Les sénateurs, auteurs du second recours, contestent les dispositions du II de l'article L. 4424-10 du code général des collectivités locales, qui ouvrent la possibilité à la collectivité territoriale de Corse de déroger aux dispositions du III de l'article L. 146-4 du code de l'urbanisme relatif à la bande littorale des 100 mètres, en y permettant l'installation - dans certaines conditions - d'aménagements légers et de constructions non permanentes destinés à l'accueil du public.

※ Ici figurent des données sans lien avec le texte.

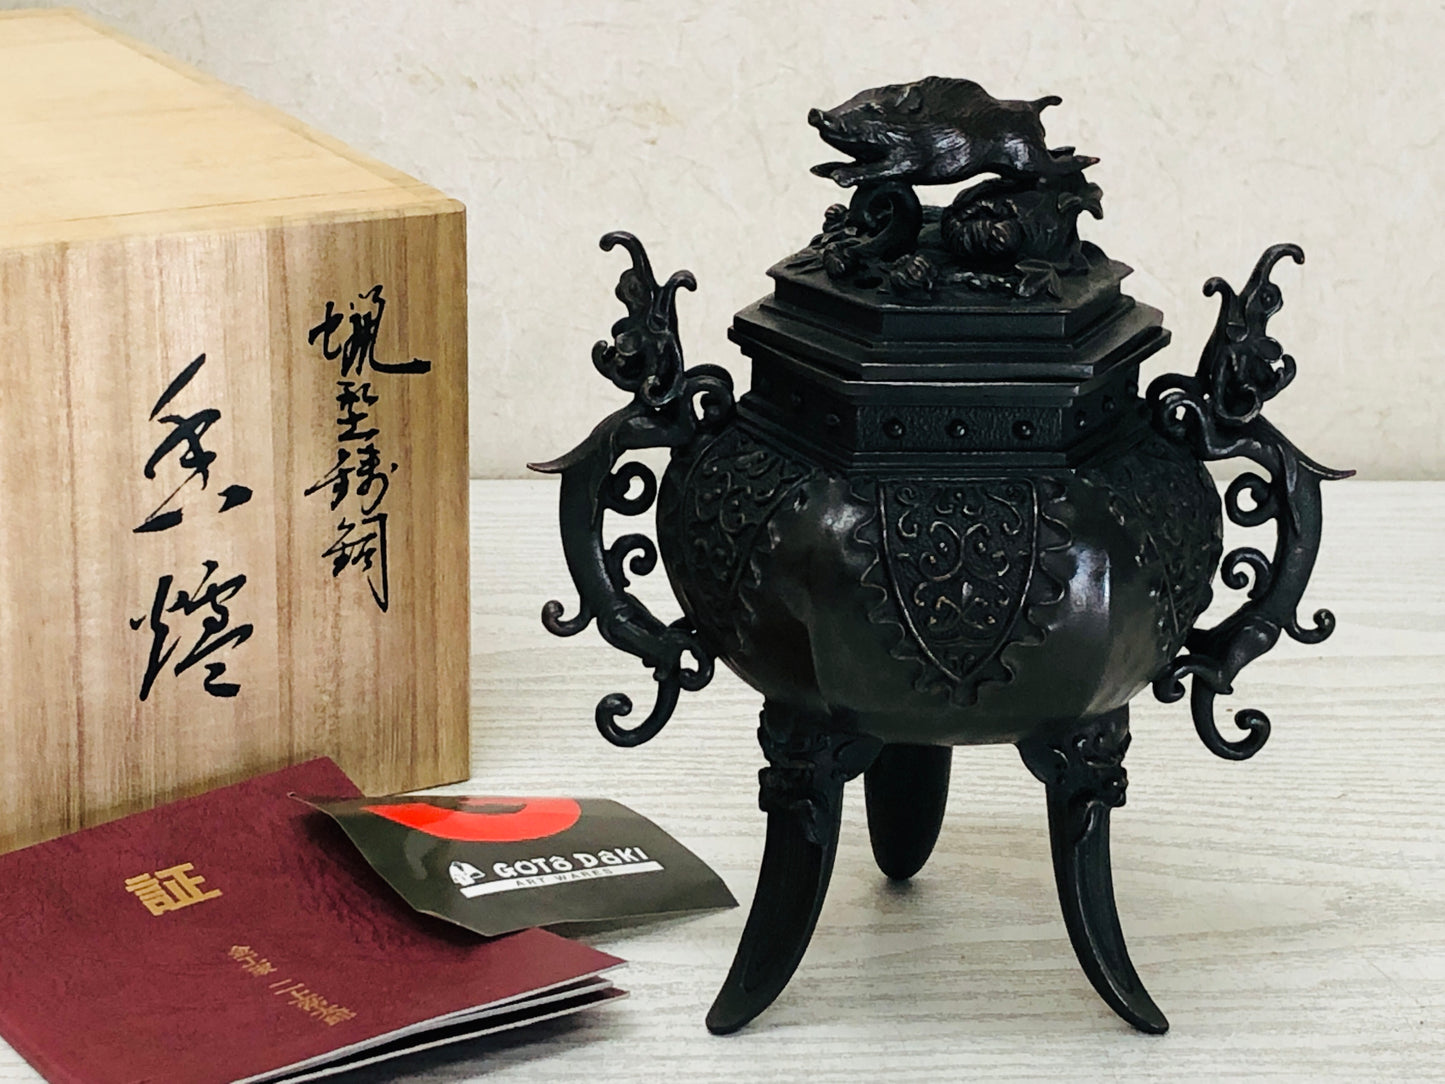 Y3353 KOURO Copper signed box Japan antique fragrance aroma incense burner

Ils mettent en avant, tout d'abord, le caractère selon eux imprécis et flou des conditions encadrant le dispositif précité, en particulier les notions citées de « fréquentation touristique des sites » et de « préservation de l'environnement ». Ils contestent, de manière générale, l'intégration dans le code général des collectivités territoriales des dispositions relatives au plan d'aménagement et de développement durable de la Corse, y compris celles qui portent sur des dérogations aux dispositions issues de la loi « littoral » codifiées au code de l'urbanisme ; ils critiquent, de façon corrélative, l'abrogation des dispositions relatives au schéma d'aménagement de la Corse - auquel se substituera le plan précité - qui figurent aux articles L. 144-1 et suivants du code de l'urbanisme.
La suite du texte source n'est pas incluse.